Losing lots of salt ,interesting; can't recall if I've read this before. In the dark recesses of my memory, I think I had a test that, despite using a fair bit of salt, I was told to use more. Thanks @MeSci
She does use extra salt, as some OI issues , but as everything is going out of whack it may not be enough. As GP will only do standard blood tests, I don't know to what extent things will be picked up.
I don't think the experiences of other PWME are relevant to your daughter's problem @Amw66 - she needs medical help. Nobody may be able to provide an answer but whether or not other members have had similar experiences is not relevant to her medical care.

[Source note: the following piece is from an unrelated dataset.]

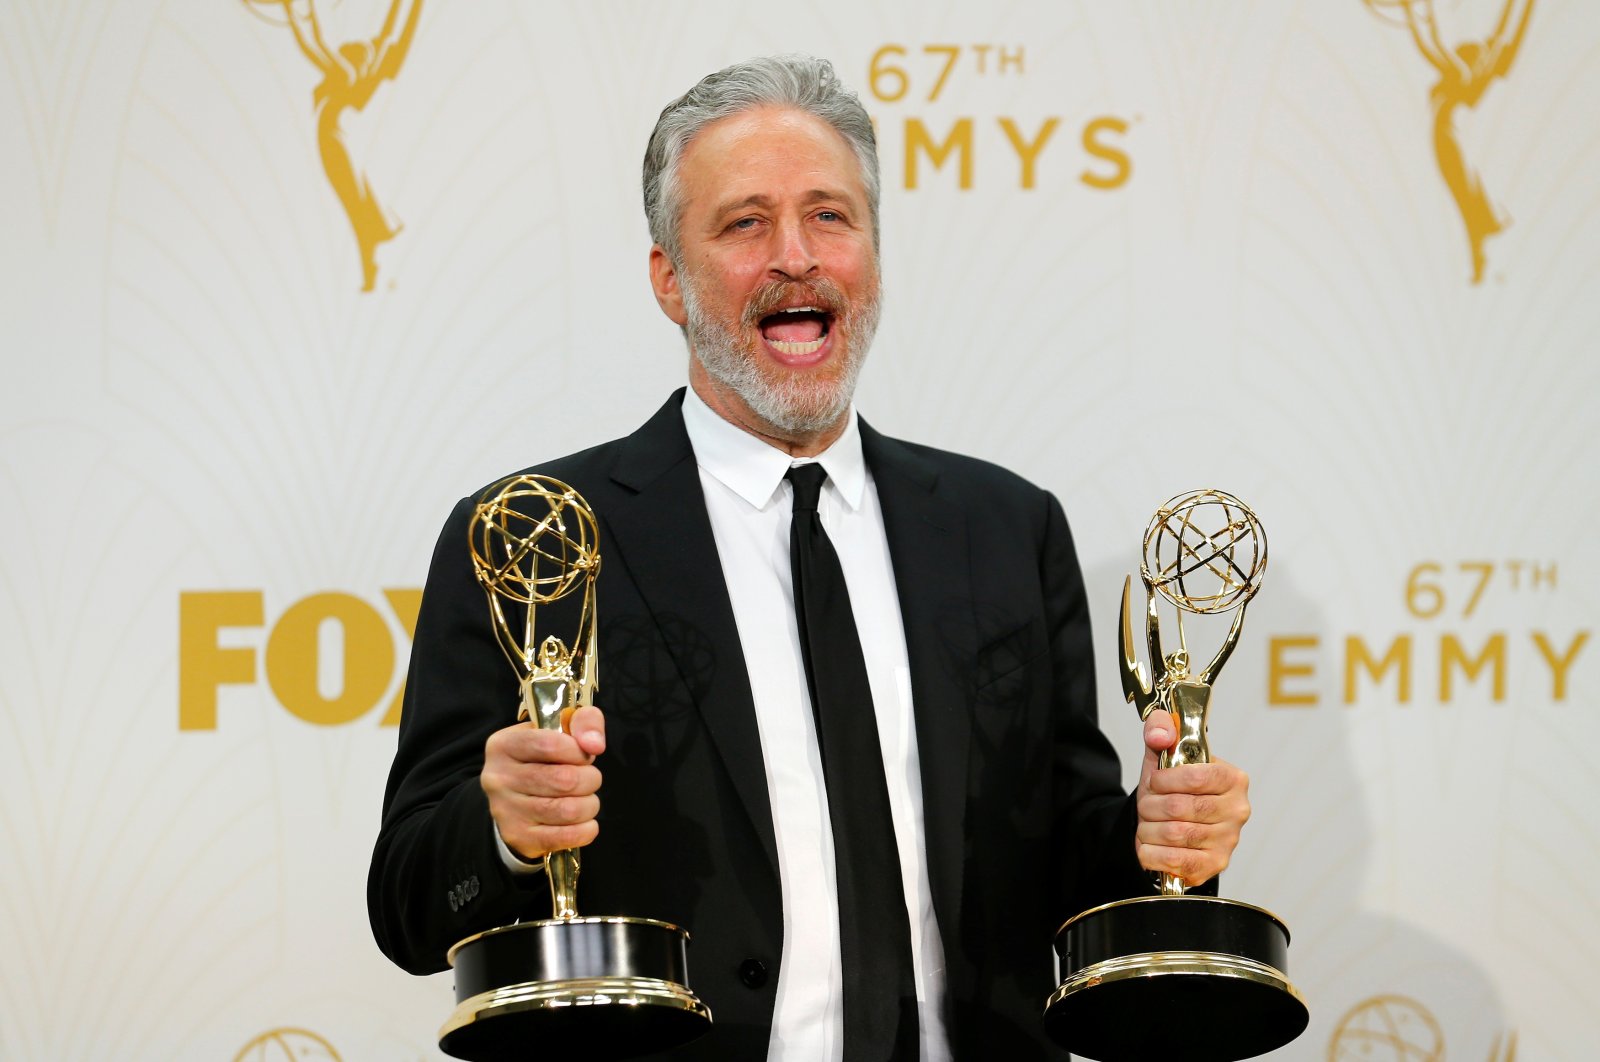 Jon Stewart holds his awards for Comedy Central's "The Daily Show With Jon Stewart" during the 67th Primetime Emmy Awards in Los Angeles, California, U.S., Sept. 20, 2015. (Reuters Photo)
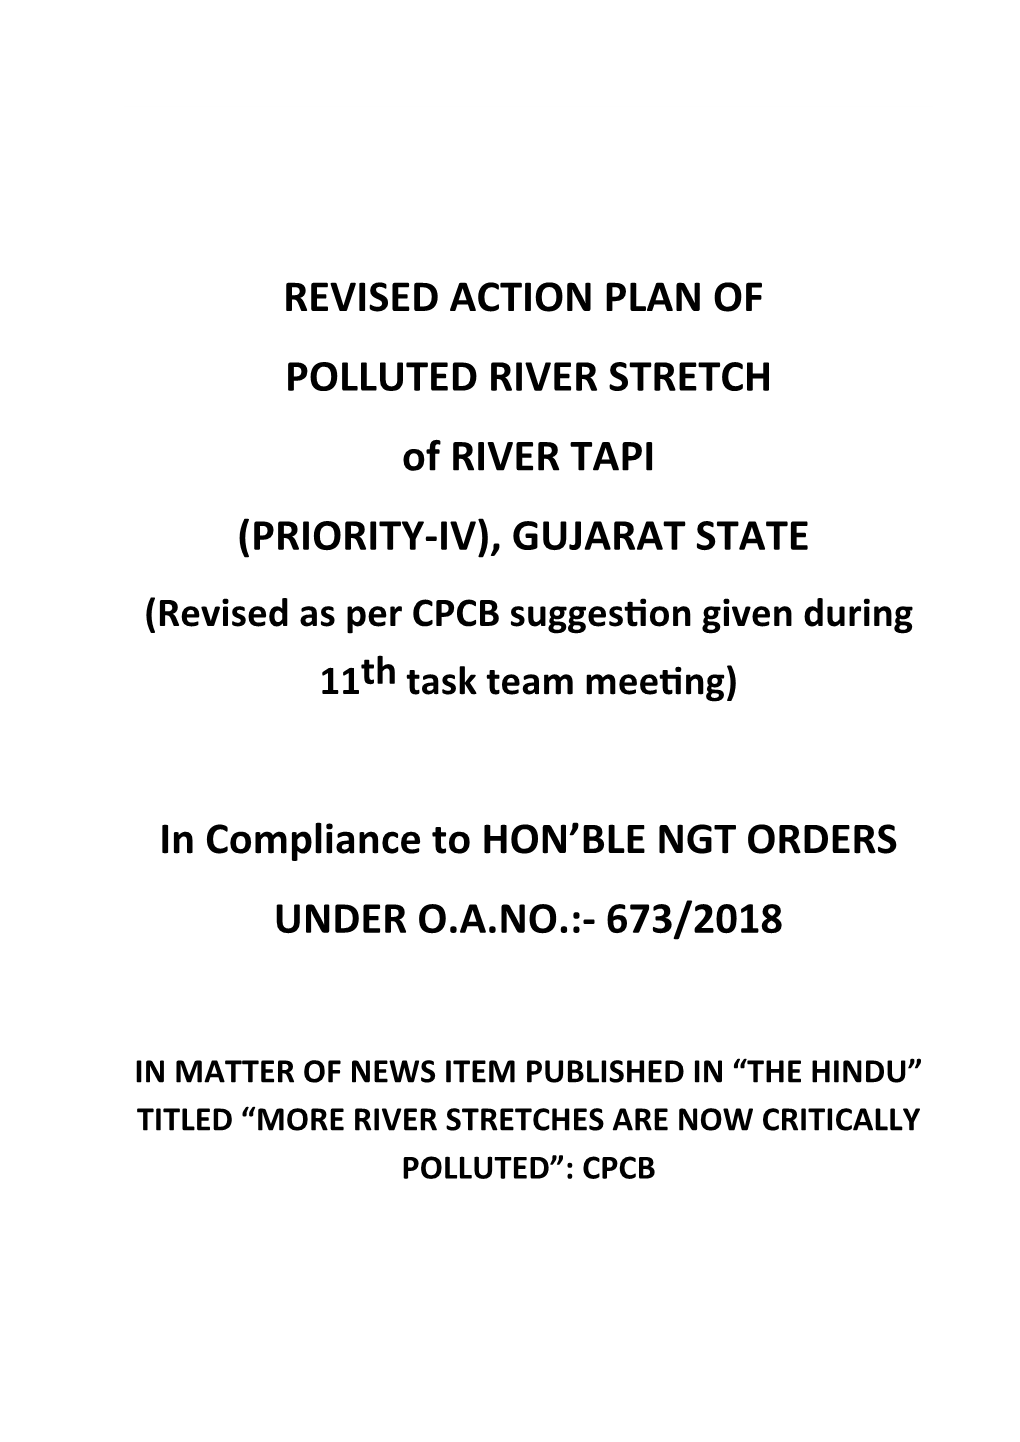 Revised Action Plan of River Tapi As

Thanks @Jonathan Edwards, this particular issue has been raised for some time in phone consultations to no avail: at least I have managed to argue the case for a home visit this time which should hopefully help. When you are disbelieved regularly it is sometimes good to know that you are not a complete outlier Though given past experiences with medical encounters it took a lot to persuade my daughter. Hopefully there may be a more positive outcome.
I hope you get some answers for her @Amw66. From the sounds of things her ME is a lot worse than mine. My pain is better controlled these days but it's a horrible, horrible way to feel.
Thank you. This winter is a struggle, but she remains stoic . If we could improve one thing, that would be a great result .
My GP gave me diazepam to try but it did nothing. I couldn't handle amitriptyline side effects. Or any SSRIs or NSRIs at low dose unfortunately.